Problem to solve
Keep the images out while you set down the data exactly.

[[ The data open ]]

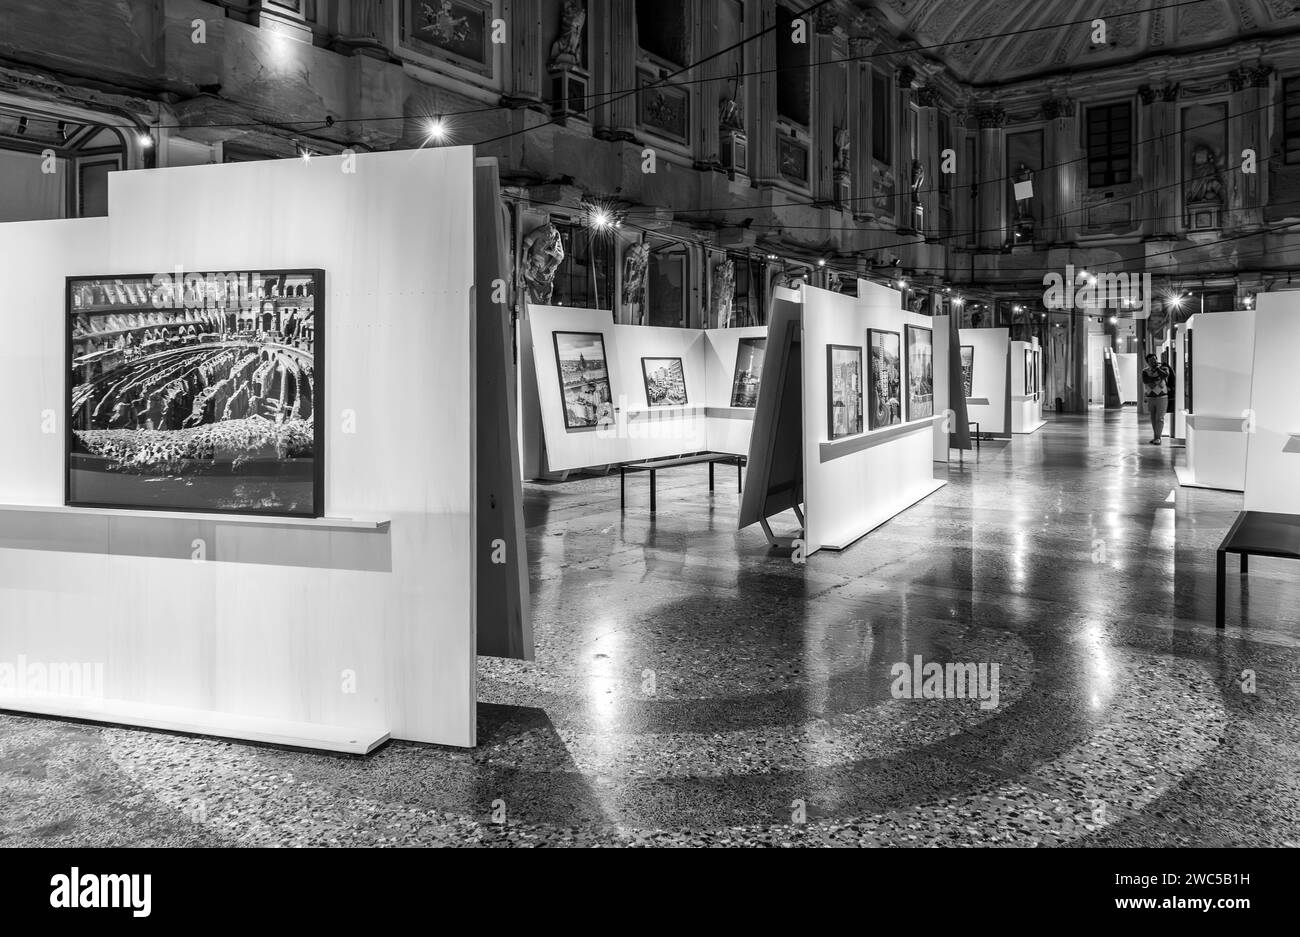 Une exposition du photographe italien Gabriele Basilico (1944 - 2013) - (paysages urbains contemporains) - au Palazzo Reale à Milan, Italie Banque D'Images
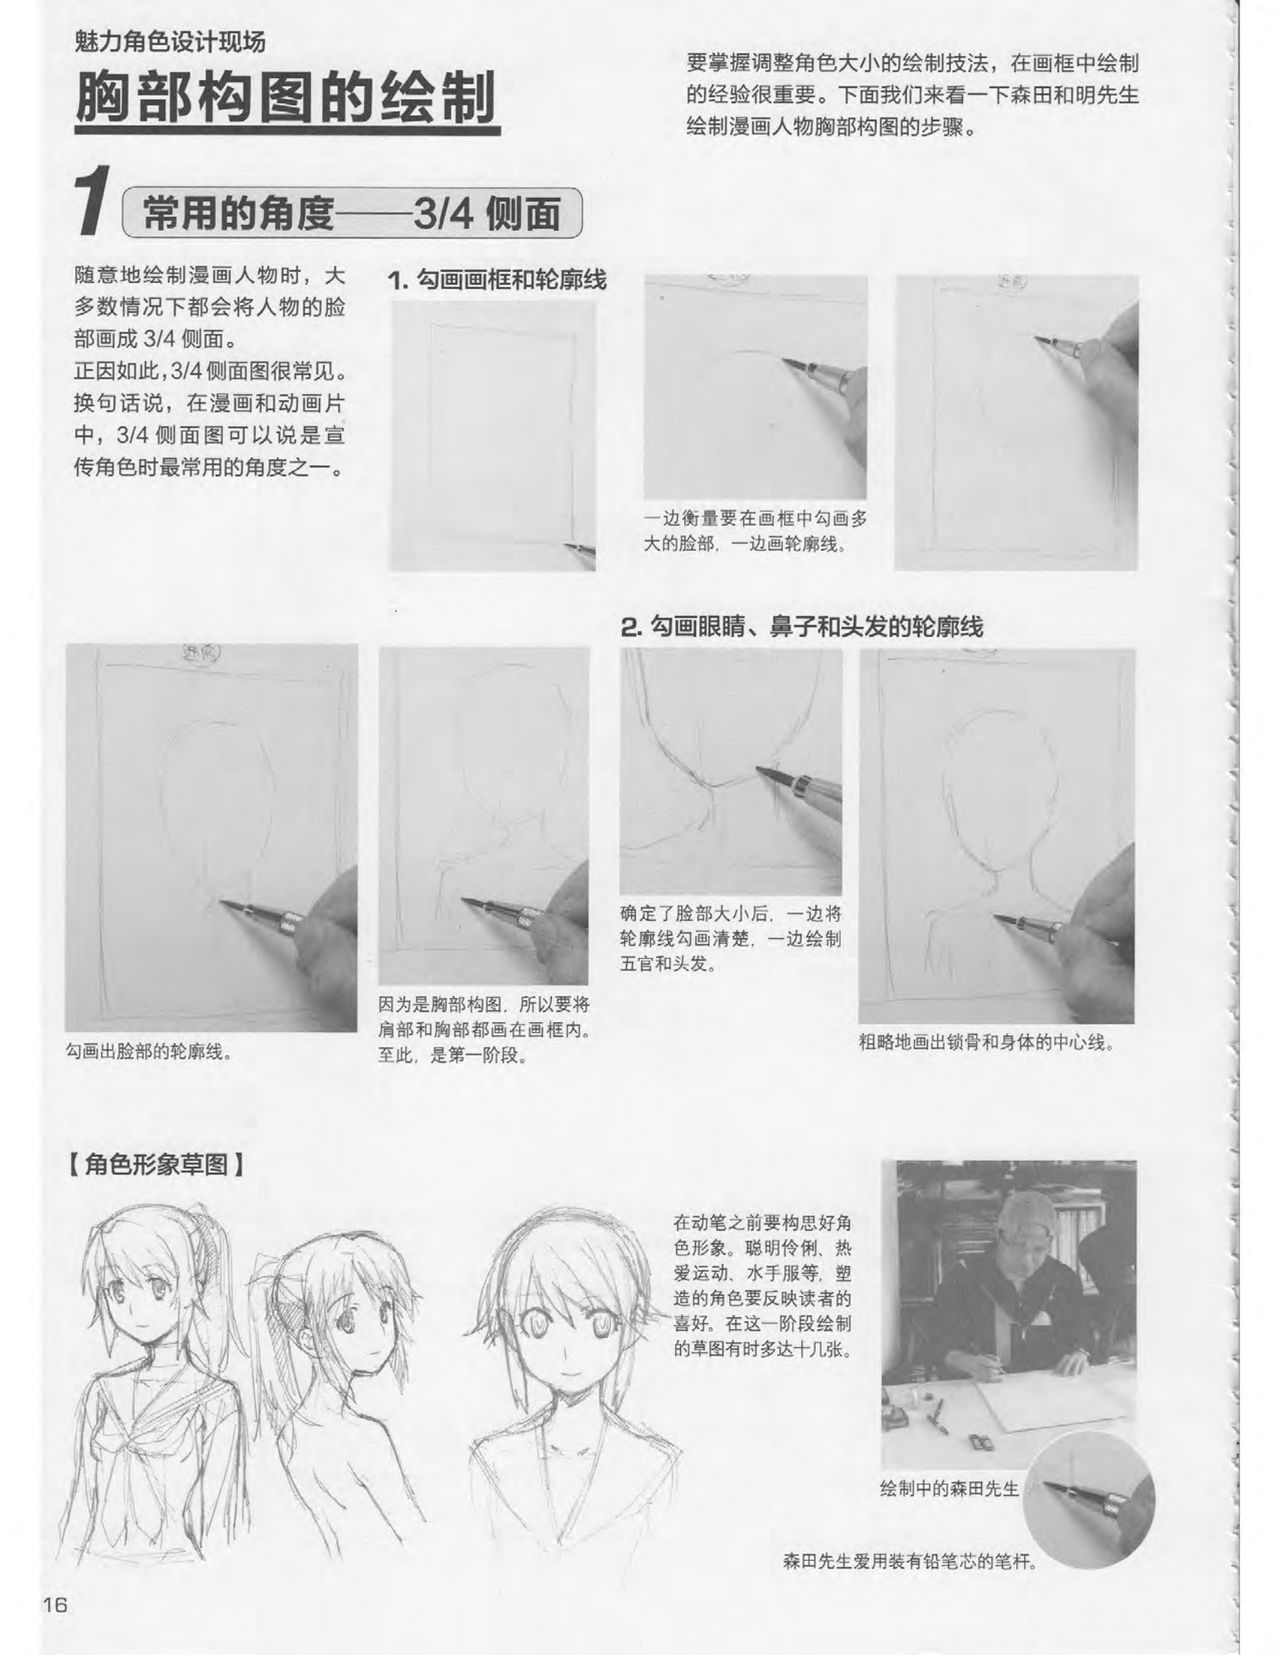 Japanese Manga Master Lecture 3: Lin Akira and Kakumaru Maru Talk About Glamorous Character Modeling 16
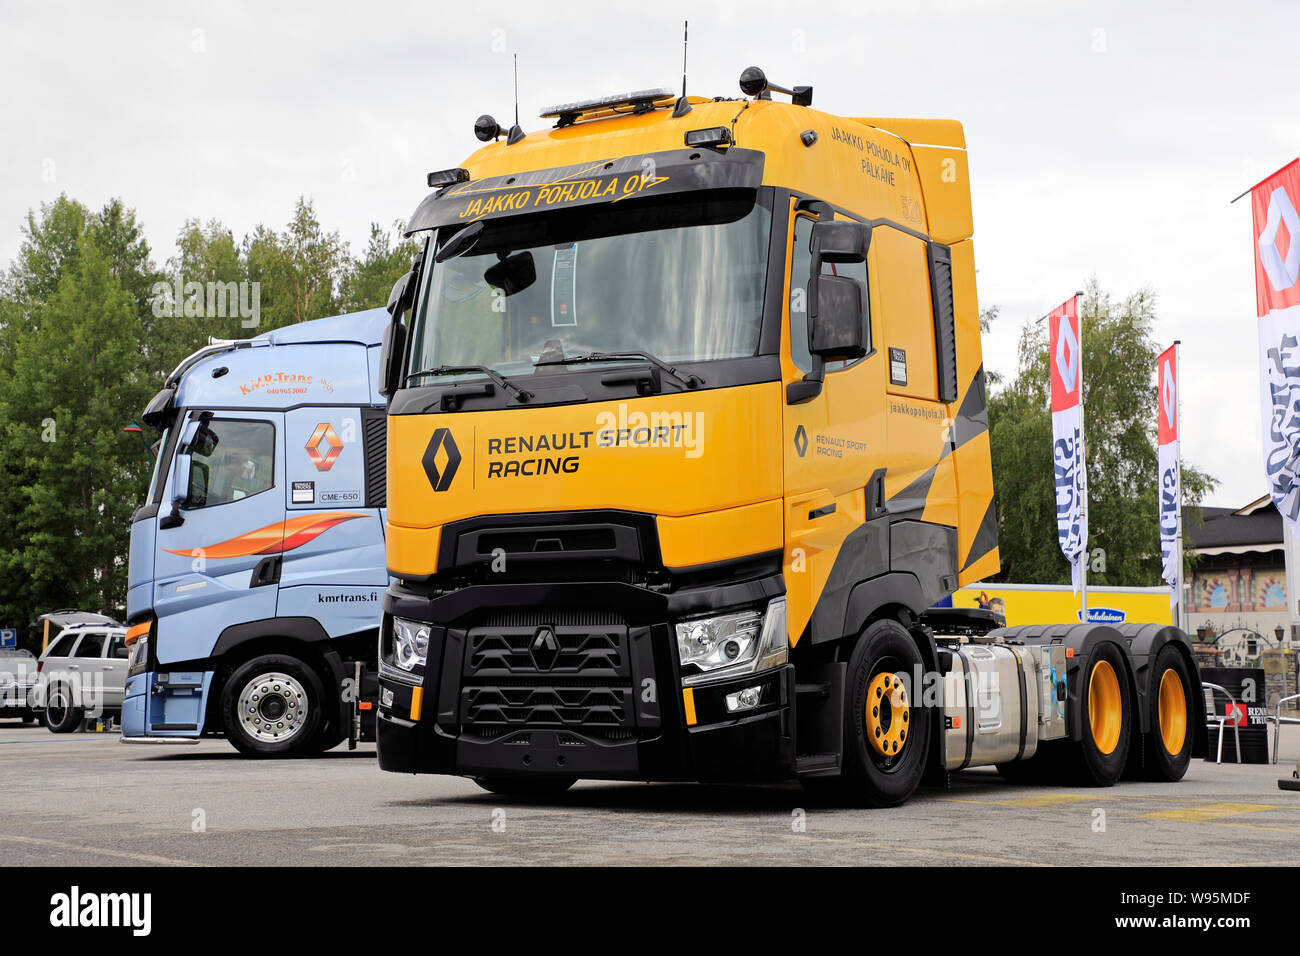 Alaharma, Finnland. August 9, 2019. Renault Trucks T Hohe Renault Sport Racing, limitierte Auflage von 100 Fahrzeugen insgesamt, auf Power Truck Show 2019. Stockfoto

[[ The data closed ]]

Solution to the exercise
 Une exposition du photographe italien Gabriele Basilico (1944 - 2013) - (paysages urbains contemporains) - au Palazzo Reale à Milan, Italie Banque D'Images
 Japanese Manga Master Lecture 3: Lin Akira and Kakumaru Maru Talk About Glamorous Character Modeling 16
 Alaharma, Finnland. August 9, 2019. Renault Trucks T Hohe Renault Sport Racing, limitierte Auflage von 100 Fahrzeugen insgesamt, auf Power Truck Show 2019. Stockfoto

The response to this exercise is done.